To give a lower bound, we choose square-free integers $a,b,c$ so that the curve

$$\begin{align*}ax^2 + by^2 = cz^m\end{align*}$$

has a primitive integral solution. Such a triple is guaranteed to exist (see [Reference Beukers1]). Then we can parametrize (some) of the solutions by a triple of integral binary forms $(F,G, h)$ where $\deg F = \deg G = m$ and $\deg h = 2$ . By

$$\begin{align*}x = F(u,v), y = G(u,v), z = h(u,v).\end{align*}$$

The height is

$$\begin{align*}|a|^{m/2} |b|^{m/2} |c|^{m-1} \max\{|ax^2|, |by^2|\},\end{align*}$$

so if we treat $a,b,c$ as constants, then

$$\begin{align*}\max\{|x|, |y|\} \ll_{a,b,c} T^{1/2}.\end{align*}$$

Therefore, we are looking for solutions to the Thue inequality

$$\begin{align*}\max\{|F(u,v)|, |G(u,v)|\} \ll_{a,b,c} T^{1/2}.\end{align*}$$

If we restrict $u,v$ so that

$$\begin{align*}\max\{|u|, |v|\} \ll_{a,b,c} T^{1/(2m)},\end{align*}$$

then we see that the above height bound is satisfied. Thus, $N_m(T) \gg T^{1/m}$ .

7.2 Proof of Theorem 2.8

In this section, we prove Theorem 2.8. To do so, we will show that $N_2(T) = O \left (T^{1/2} (\log T)^3 \right )$ and give a separate argument to show that $N_2(T) \gg T^{1/2} (\log T)^3$ . The incompatibility of these two arguments represents the main obstacle as to why an asymptotic formula for $N_2(T)$ remains elusive.

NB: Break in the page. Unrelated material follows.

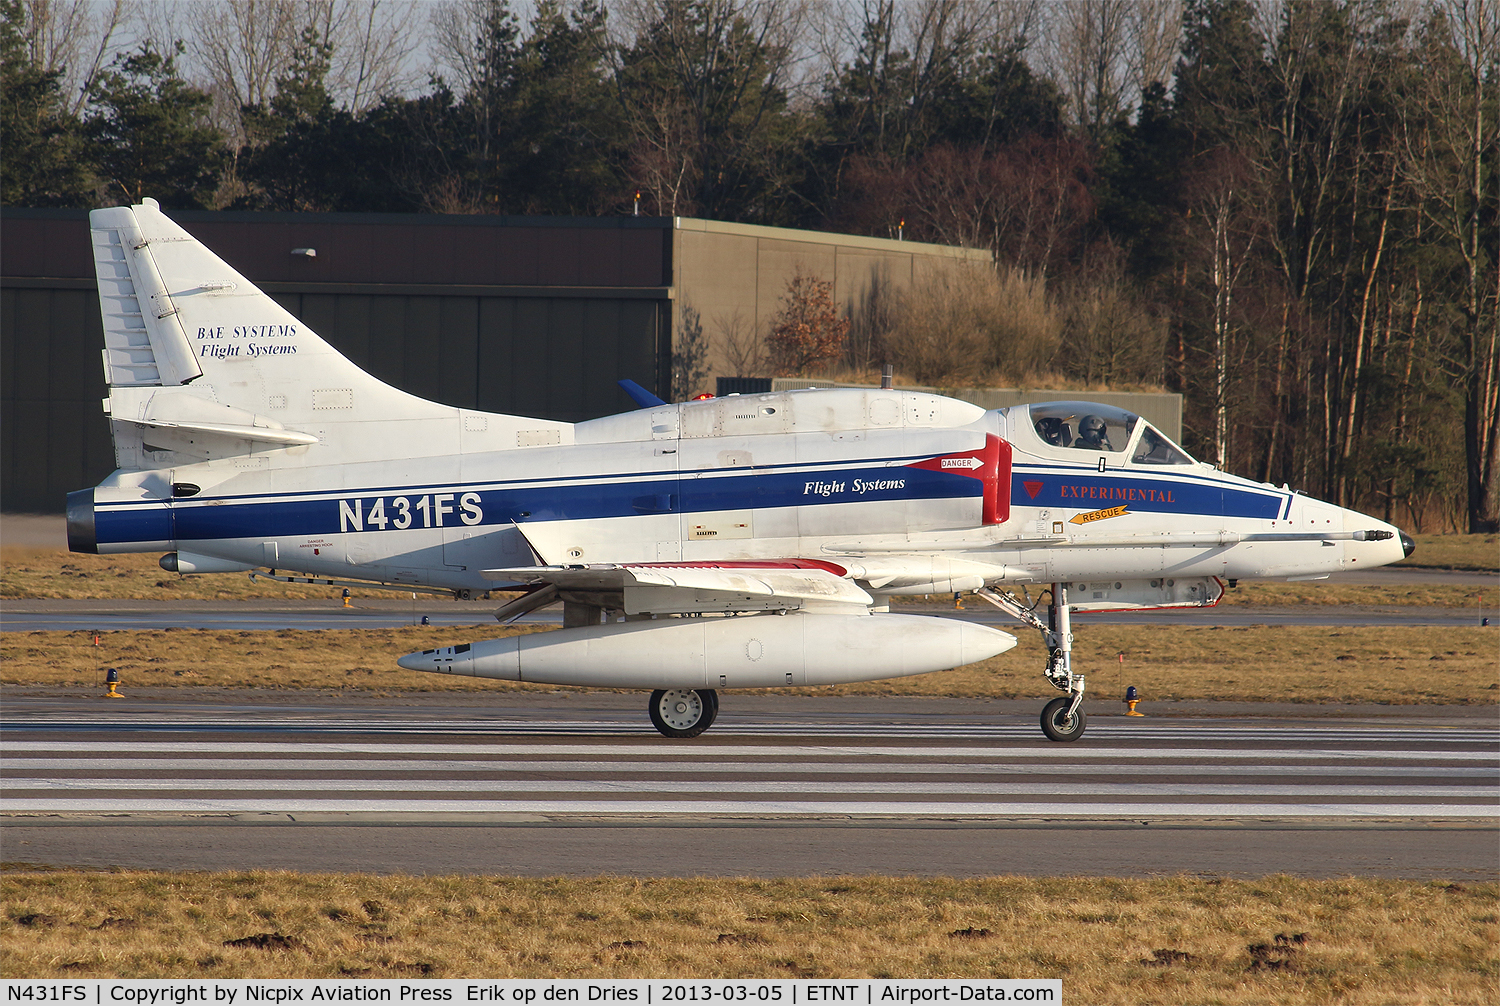 N431FS, 1972 Douglas A-4N Skyhawk C/N 14504, N431FS is painted in standard Flight System colours although in service with BAe

We count rational points of bounded height on the curve $\mathfrak {X}({\mathbb {P}}^1_{\mathbb {Q}};(0,2), (-1,2),(\infty ,2))$ with the height on ${\mathbb {P}}^1$ given by (2.7). On writing

$$\begin{align*}a = x_1 y_1^2, b = x_2 y_2^2, x_1, x_2 \text{ square-free}\end{align*}$$

(note that this differs from the notation used elsewhere in the paper), we then have

$$\begin{align*}H(a,b) = |x_1 x_2| \operatorname{sqf}(x_1 y_1^2 + x_2 y_2^2) \max\{|x_1 y_1^2|, |x_2 y_2^2|\},\end{align*}$$

and the max on the right-hand side is dependent only on the relative size of $|a|,|b|$ . If we write

(7.4) $$ \begin{align} x_1 y_1^2 + x_2 y_2^2 = x_3 y_3^2,\end{align} $$

then we further obtain the expression

$$\begin{align*}H(a,b) = \max\{|x_2 x_3 (x_1 y_1)^2|, |x_1 x_3 (x_2 y_2)^2|\}.\end{align*}$$

We may assume without loss of generality that $|x_1 y_1^2| \geq |x_2 y_2|^2$ and $x_1> 0$ , so that

$$\begin{align*}H(a,b) = |x_2 x_3 (x_1 y_1)^2|.\end{align*}$$

We consider the problem of counting integral points on the variety defined by (7.4), subject to the constraint

(7.5) $$ \begin{align} 0 < |x_2 x_3 (x_1 y_1)^2| \leq T, |x_1 y_1^2| \geq |x_2 y_2^2|. \end{align} $$

To obtain the upper bound, we must dissect (7.5) into suitable ranges. When $|x_1 x_2 x_3| \leq T^{1/2}$ , we fix $x_1, x_2, x_3$ and treat (7.4) as a diagonal ternary quadratic form, say $Q_{\mathbf {x}}$ . It is then the case that

(7.6) $$ \begin{align} |y_i| \leq \frac{T}{|x_1 x_2 x_3| \cdot |x_i|}\end{align} $$

for $i = 1,2,3$ , and by Corollary 2 of [Reference Browning and Heath-Brown3], we then have the estimate

$$\begin{align*}O \left(d(x_1 x_2 x_3) \left(\frac{T^{1/2}}{|x_1 x_2 x_3|} + O(1) \right) \right) \end{align*}$$

for the number of ${\mathbf {y}} \in {\mathbb {Z}}_{\ne 0}^3$ satisfying (7.5) and (7.4) provided that the quadratic form $Q_{\mathbf {x}}$ has a rational zero. Otherwise, it is clear that there will be no contribution. Thus, we must estimate

$$\begin{align*}\sum_{\substack{1 \leq |x_1 x_2 x_3| \leq T^{1/2} \\ Q_{\mathbf{x}} \text{ has a rational zero}}} d(x_1 x_2 x_3). \end{align*}$$

This is similar to the work of Guo in [Reference Guo12], except he counted with respect to the height $\lVert {\mathbf {x}} \rVert _\infty $ . Nevertheless, the techniques are similar, and again this may be of independent interest.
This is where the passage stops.